Начитанность Сомова нет-нет да проявлялась в разговоре. Без обдуманного намерения соленые полублатные словечки перемежались чересчур правильными книжными фразами.
— Эта сторона жизни Андрона интересовала многих, но к себе в душу он никого не пускал. Пошлет подальше — и точка, — Сомов поглядел на Новоселова, смешливо пошевелил носом. — Это он посоветовал из какой-нибудь книжки списать. Чтобы не с пустыми руками туда. Говорил: сидят за кордоном, не знают ни черта, слопают твою баланду да еще долларов дадут… Понимаю теперь — глупость, а тогда почему-то верилось. Вот и стал в Батуми искать библиотеку.
— Петр, — добродушно спросил Новоселов, — о том, что ты дурак, Алтынов случайно не говорил?
— Говорил, — не обиделся Сомов.
— И ты не поверил?
— Я сказал, что он сам — дурак.
— Эк ты его лихо срезал, — усмехнулся Новоселов. — И как он на это?
— Кулаком в зубы.
— Часто от него попадало?
— Было дело.
— За что?
— Падло он. Зверь. Нашепчет мне всякого, потом избивает.
— О чем он нашептывал?
— Не то чтобы нашептывал… Какой бы он там ни был, человек все же. Болело что-то внутри. На нарах места рядом. Когда меж нас перемирие, он и начинает свою боль лечить. То не так, другое не по нему. Про Советскую власть, про лагерное начальство… На другой день спохватится — и на меня, зло вымещать. Зачем, говорит, в оперчасть таскался? Сексотничаешь? На хрена он мне сперся — стучать на него.
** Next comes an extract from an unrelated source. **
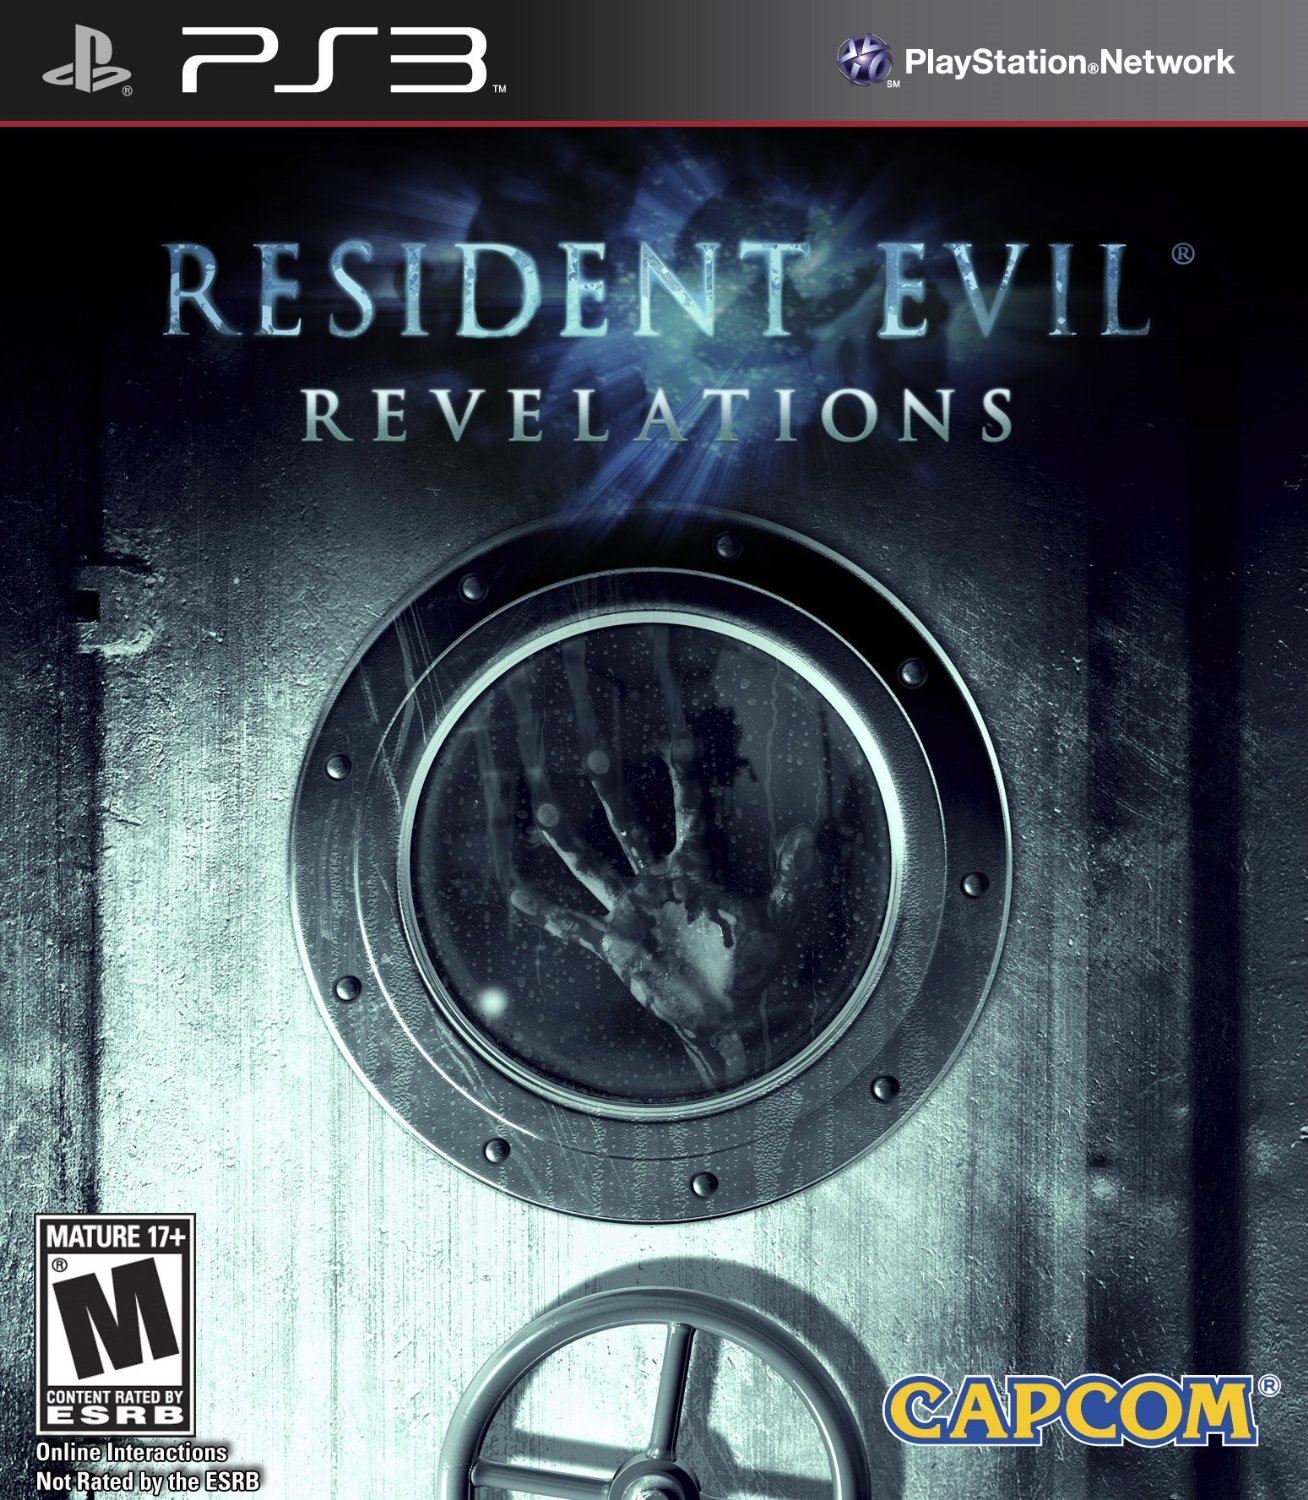 Resident Evil: Revelations HD wallpapers, Desktop wallpaper - most viewed

Я в оперчасть полы мыть ходил… Знаете, мне иногда приходила мысль, что Алтынов не в плену был, а палачом у немцев. Как-то до того довел, что я взял и высказал свое соображение. После две недели в санчасти отлеживался.
— Такой здоровый парень. Неужели не мог постоять за себя?
— Пытался. Где там…
— Алтынов часто вспоминал Мидюшко?
— Не сказал бы, но если называл его — зубами скорготал. Он и меня-то бил, мечтая, что Мидюшко бьет. Страшно ненавидел.
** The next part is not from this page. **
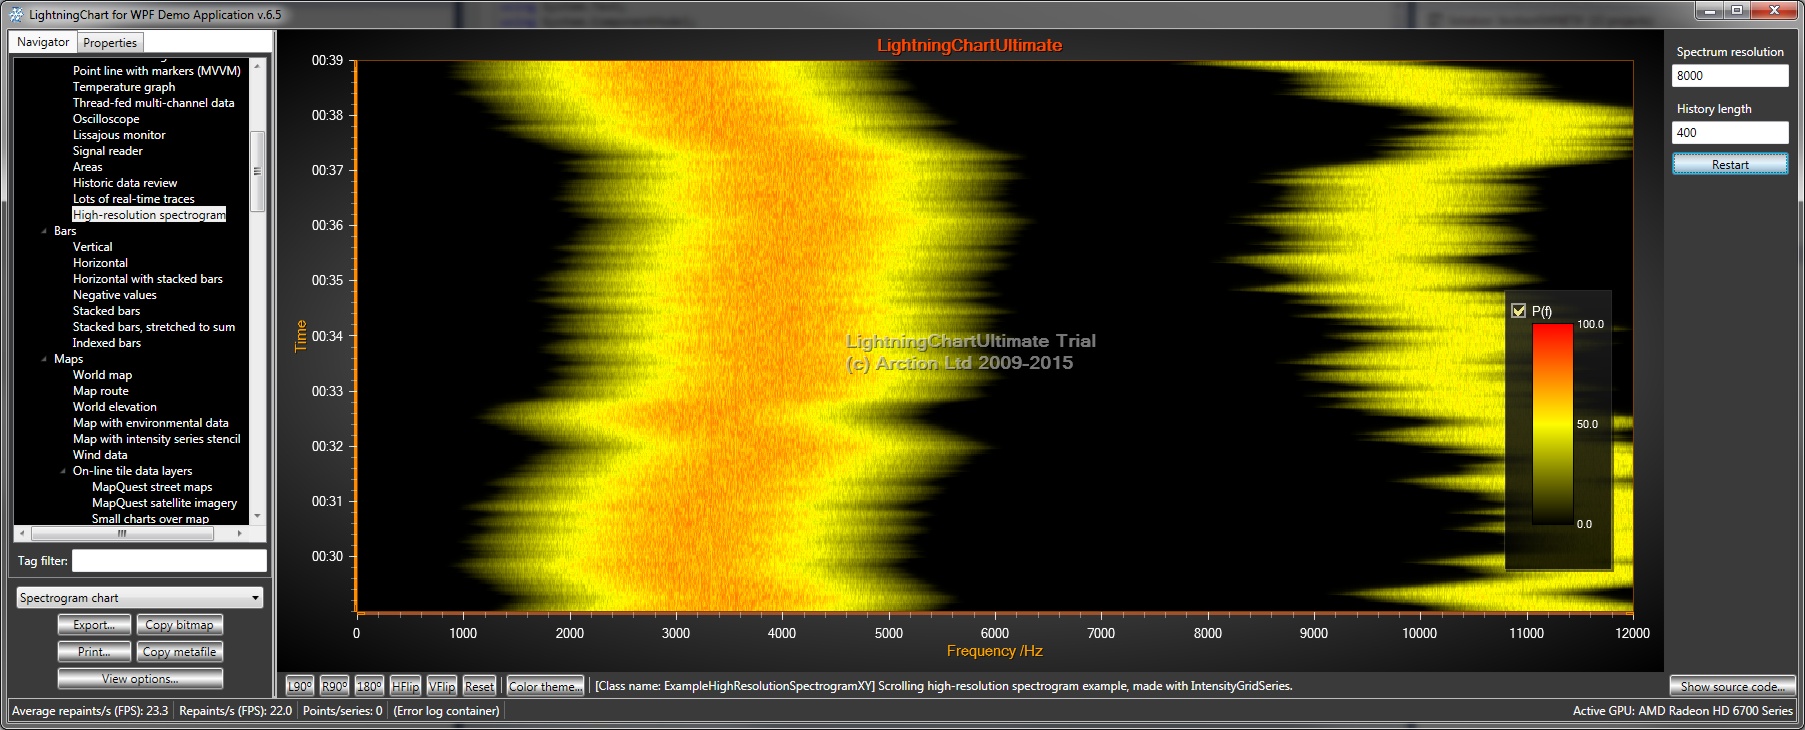 Hi-resolution spectrogram 8000x400

— Ты не задумывался над странностью в поведении Алтынова? Ведь он, желая за какую-то обиду отомстить Мидюшко, мог о нем и сообщить куда следует. Вот, мол, живет в Трабзоне американский агент, предатель Родины… А он не говорил, оберегал его. Мог бы без горчицы слопать Мидюшко, но дает его адрес, посылает привет. В чем тут дело?
— Мама его знает. Все они у немцев одним дерьмом мазаны. Но вообще-то казалось иногда, что Андрон искрение хочет помочь мне. Молодой, говорит, грамотный, не то что я, и в чужой стране устроишься, проживешь. Только, говорит, к американцам в разведку идти — пустой номер: пожуют и выплюнут. О том, что для своих стараюсь, умалчивал от Андрона.
— А если эта искренность притворна? Просто-напросто хотел еще большую пакость сотворить? Допустим, чтобы ты снова за решеткой оказался. Могло быть у него такое желание?
— Зачем ему?
— По той же причине, по какой избивал тебя. Из ненависти к людям.
— Конечно, люди ему… Он, по-моему, себя-то не любил.
— Вот что я, Петя, думаю. Алтынов не сомневался, что ты со своими глупостями обязательно засыплешься на границе. А там — суд, снова лагерь. Вероятно, и другое думал: удачно минуешь пограничников, придешь в Трабзон, а там никакого Мидюшко. Откуда Алтынову знать, что товарищ по плену именно там? Ведь десять лет в заключении. И ты попадешь в такое положение, хуже которого и не придумаешь. Предположим третье: ты встречаешься с Прохором, во что крайне не верится, передаешь ему привет от Алтына, вручаешь секретные материалы… из энциклопедии. Он же сразу поймет, чья проделка. Если Мидюшко на самом деле сотрудничает с американской разведкой, — о секретности таких людей ты знаешь из книжек, — ему не остается ничего другого, как убрать Сомова.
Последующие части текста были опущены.